“The following days” by Caroline Sers

The countryside where, as we know, at the moment everyone wants to return. It is precisely on this that the novelist Caroline Sers played in her book “The following days”. The premise is simple: a giant blackout in the middle of winter.

We find ourselves in a village in the Dordogne not far from a nuclear power station. The problem is that no one can repair and that the breakdown extended to the whole department will last. The first thing to do is therefore very logically for the inhabitants oforganize their survival when all were caught off guard. And everything will go through the associative café where solidarity will be put in place. Pierre is our hero, a neo-rural who will try to find forgotten gestures far from our virtual world. We are of course talking here about alternative solutions and we understand where Caroline Sers wants to go.

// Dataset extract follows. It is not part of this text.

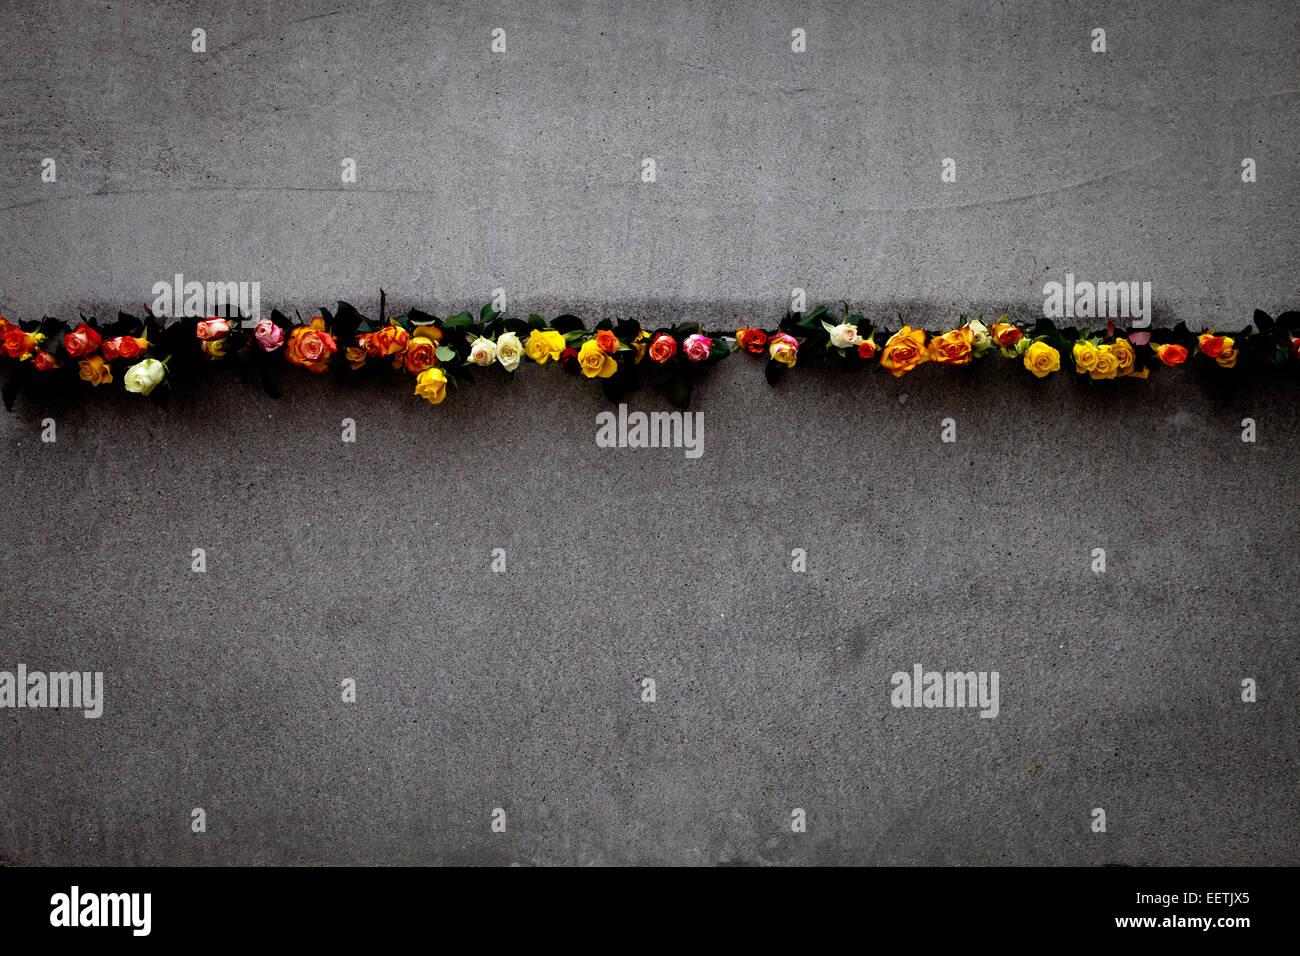 Blumen während 25. Gedenken an seinem Untergang in der Berliner Mauer platziert. Stockbild

The return to nature, the change of life... A theme that is of great concern to our current society. How a grain of sand in the machine can upset our habits and leave us a bit silly in the face of things that our ancestors mastered and which are essential when we can no longer rely on technology. But it goes further than that, the reflection tends towards the philosophical as well. How do we want to live our lives in the future when we realize that we will no longer be able to continue consuming in this way and mistreating the planet? If it became essential to get closer to nature again and to understand it rather than making it suffer because we need it more than the opposite. It leans towards the side of survivalism and it is true that it is good to question oneself on this theme.

I really liked that Caroline Sers took on the form of the novel to convey her message and also that it was not the apocalypse that she announced to us but simply a power cut which could however leave us in the dark. same embarrassment. And then I also liked to follow the solidarity, the links that are set up between the characters in the turmoil. “The next days”, a reading to ponder before going to buy candles and batteries.